LLMs may use available packages in a project's environment without properly declaring them in configuration files like `package.json`. This leads to fragile builds that work locally but break on fresh installations. Developers must manually verify and instruct the LLM to add all required dependencies.
A practical hack to improve AI agent reliability is to avoid built-in tool-calling functions. LLMs have more training data on writing code than on specific tool-use APIs. Prompting the agent to write and execute the code that calls a tool leverages its core strength and produces better outcomes.
When asked to modify or rewrite functionality, LLMs often attempt to preserve compatibility with previous versions, even on greenfield projects. This defensive behavior can lead to overly complex code and technical debt. Developers must explicitly state that backward compatibility is not a requirement.
As AI generates more code than humans can review, the validation bottleneck emerges. The solution is providing agents with dedicated, sandboxed environments to run tests and verify functionality before a human sees the code, shifting review from process to outcome.

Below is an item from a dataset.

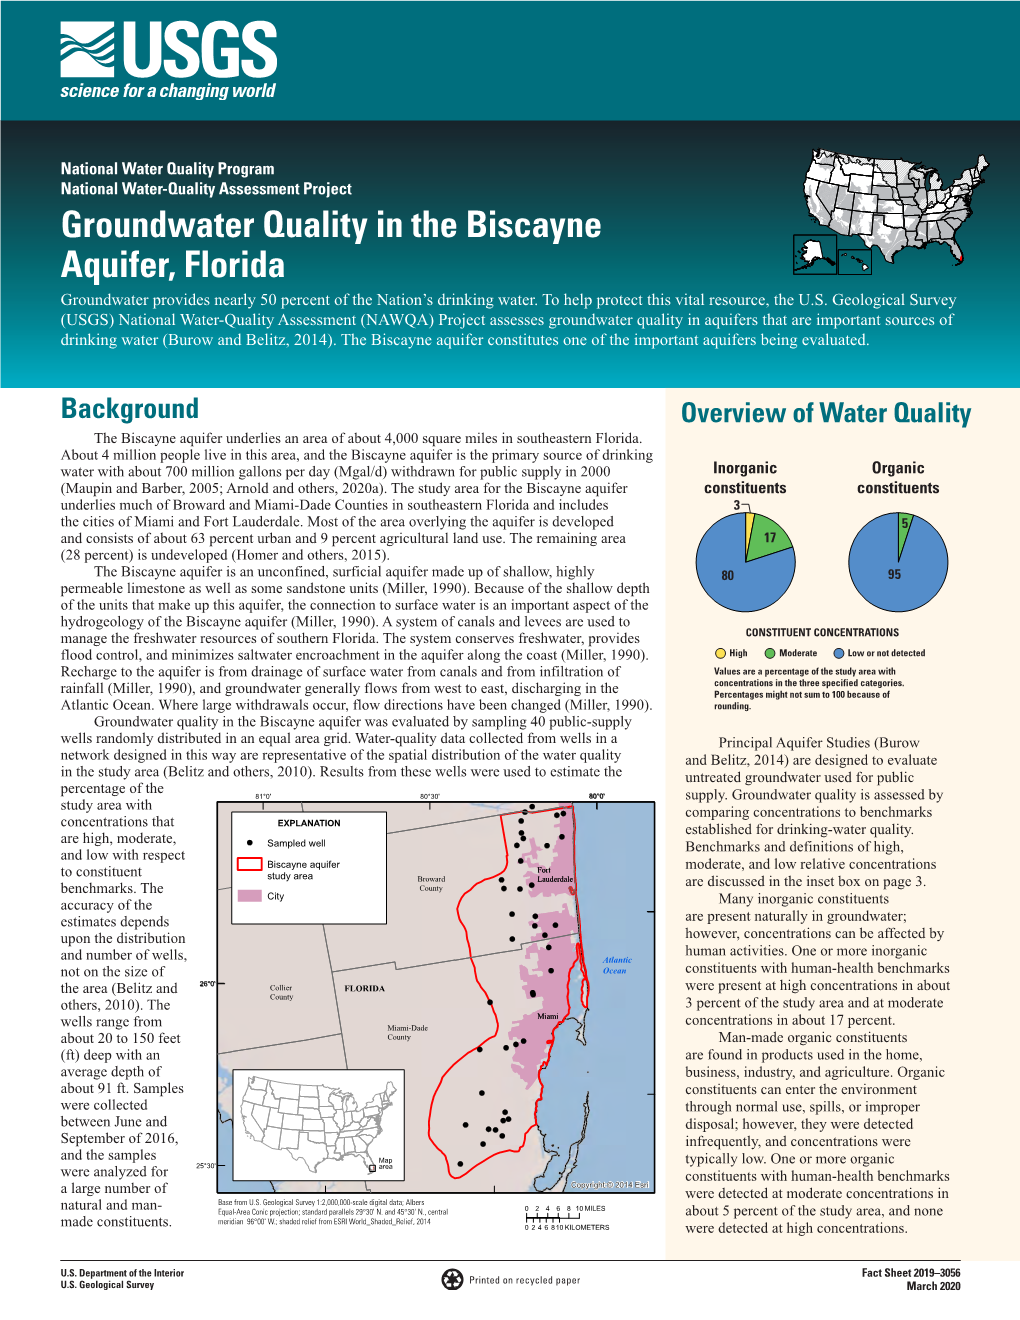 Biscayne Aquifer, Florida Groundwater Provides Nearly 50 Percent of the Nation’S Drinking Water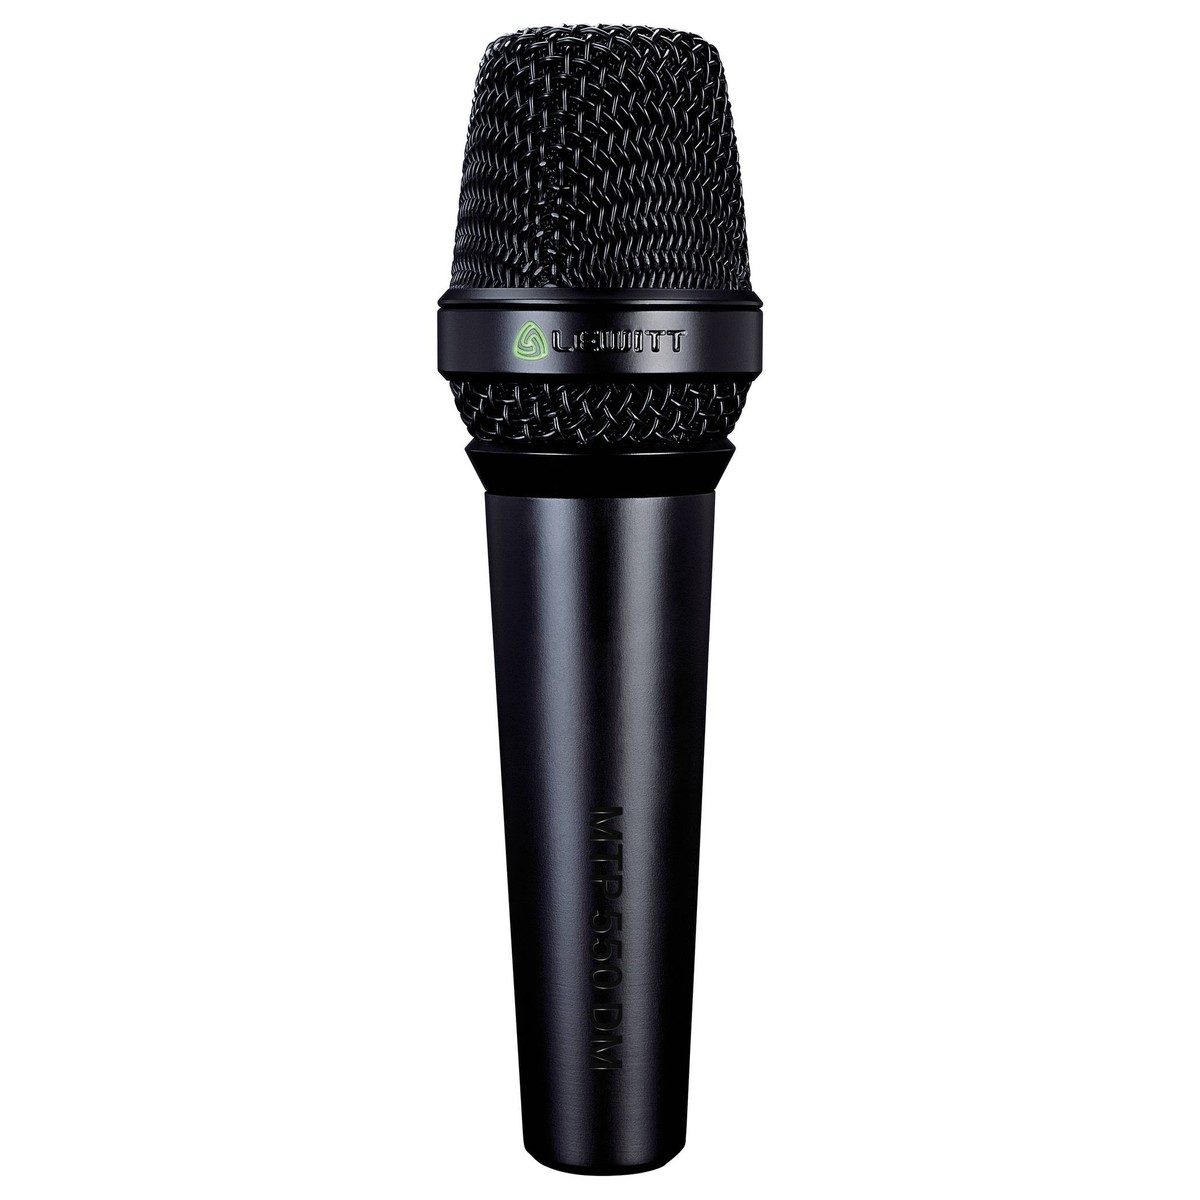 An image of Lewitt MTP 550 DM Handheld Dynamic Vocal Microphone

Models like Gemini Flash can exhibit a behavior of creating and then deleting temporary utility files (e.g., code analyzers), assuming they are no longer needed. This forces costly regeneration. To prevent this, users must explicitly instruct the LLM to save these scripts in a specific directory for future use.
Building features like custom commands and sub-agents can look like reliable, deterministic workflows. However, because they are built on non-deterministic LLMs, they fail unpredictably. This misleads users into trusting a fragile abstraction and ultimately results in a poor experience.
AI can generate code that passes initial tests and QA but contains subtle, critical flaws like inverted boolean checks. This creates 'trust debt,' where the system seems reliable but harbors hidden failures. These latent bugs are costly and time-consuming to debug post-launch, eroding confidence in the codebase.
AI coding tools dramatically accelerate development, but this speed amplifies technical debt creation exponentially. A small team can now generate a massive, fragile codebase with inconsistent patterns and sparse documentation, creating maintenance burdens previously seen only in large, legacy organizations.
Instead of treating a complex AI system like an LLM as a single black box, build it in a componentized way by separating functions like retrieval, analysis, and output. This allows for isolated testing of each part, limiting the surface area for bias and simplifying debugging.
When given ambiguous instructions, LLMs will choose the most common technology stack from their training data (e.g., React with Tailwind), even if it contradicts the project's goals. Developers must provide explicit constraints to avoid this unwanted default behavior.
Developing LLM applications requires solving for three infinite variables: how information is represented, which tools the model can access, and the prompt itself. This makes the process less like engineering and more like an art, where intuition guides you to a local maxima rather than a single optimal solution.